Traditional Posters: Body Imaging

HP ³He ADC imaging was used to assess the effect of a glucocorticoid budesonide on inflammation in ovalbumin challenged rats. Four groups of animals were investigated: controls, vehicle treated, low and high dose budesonide treated. The ADC was significantly smaller in the vehicle group, indicating reduced airspace in the alveoli, possibly due to plasma leakage into the alveoli. Treatment with budesonide decreased inflammation as shown by significantly reduced eosinophil counts and higher ADC values than in the vehicle group.

Due to the large chemical shift difference between hyperpolarized Xe129 (HXe129) dissolved in lung tissue and in the alveolar air spaces it is feasible to image both compartments simultaneously, appearing side-by-side in the image, by using a suitable imaging bandwidth. The weighting of the dissolved-phase contrast can be shifted from exchange-site dominant to blood-pool dominant through an adjustment of the TR/FA combination of the acquisition. Thereby it is feasible to monitor and quantify the HXe129 gas transport processes throughout the pulmonary and cardiovascular system up to the aortic arch.

Due to the large chemical shift difference between hyperpolarized Xe129 (HXe129) dissolved in lung tissue and in the alveolar air spaces it is feasible to image both compartments simultaneously, appearing side-by-side in the image, by using a suitable imaging bandwidth. By varying the TE of the image acquisition it appears to be feasible to extract additional information about the regional distribution of the dissolved-phase sub-compartments, which might be strongly affected by pulmonary interstitial or vascular diseases. Prelimary results in alive and post mortem rabbits are presented.

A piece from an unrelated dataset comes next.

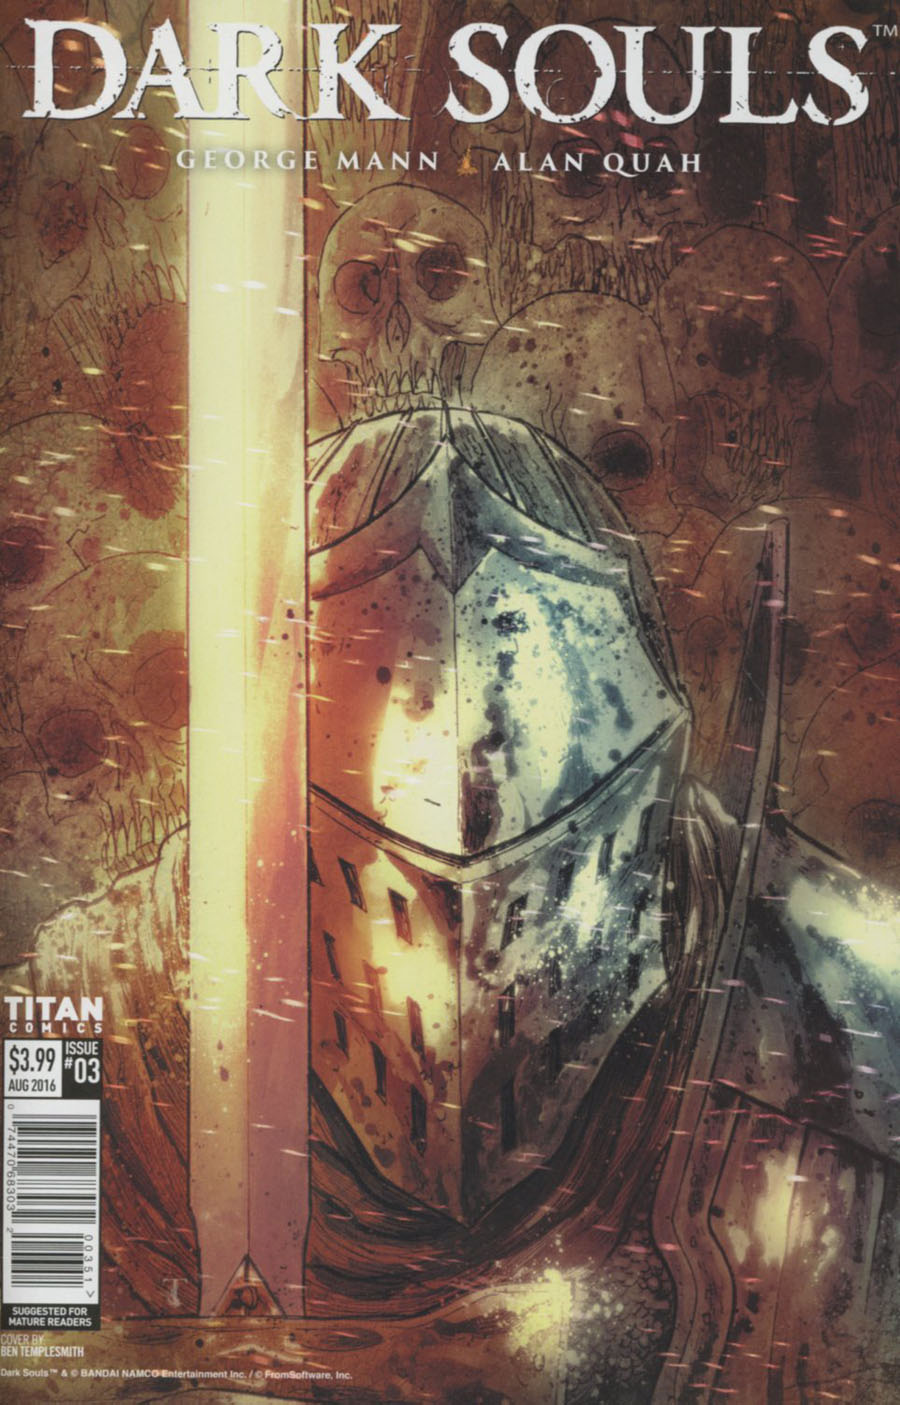 Dark Souls #3 Cover D SDCC Exclusive Ben Templesmith Variant Cover

It is now possible to directly image HP 129Xe dissolved in pulmonary gas exchange tissues of humans. Dissolved image intensity is dominated by relaxation, RF attenuation, and diffusive replenishment of dissolved 129Xe magnetization, which are influenced by pulmonary structure and physiology. Here, we develop a closed-form mathematical model of dissolved 129Xe magnetization dynamics during 3D radial imaging. Model predictions agree well with observations and can be used in image optimization. Because radial images acquire k-zero in each view, the model also allows dynamic information to be extracted from raw image data and may provide insights into global lung physiology.

The purpose of this work is to investigate the ability of 3D multiple exchange time xenon polarization transfer contrast (MXTC) MRI to detect changes in lung microstructure following the instillation of elastase into a rabbit lung. 3D MXTC is an extension of the XTC technique, which allows the calculation of the regional septal wall thickness and the tissue-to-alveolar-volume ratio. We observed an increase in the global mean of tissue thickness and relative tissue volume and identified regions of abnormal lung microstructure in the rabbit lung post-elastase instillation most likely due to an initial severe inflammatory response.

We investigated the response of rabbit lungs to different lung ventilation volumes using 3D multiple-exchange time xenon polarization transfer contrast (MXTC) MRI. From the subsequently fitted exchange time constant of the xenon exchange between alveolar air spaces and the surrounding septal walls, the tissue thickness can be calculated. The long exchange time limit allows calculation of the tissue-to-alveolar volume ratio. We observed increased tissue-to-alveolar volume ratio in posterior partitions and decreased septal wall thickness in anterior partitions at low lung volumes. At high ventilation volumes these differences disappear.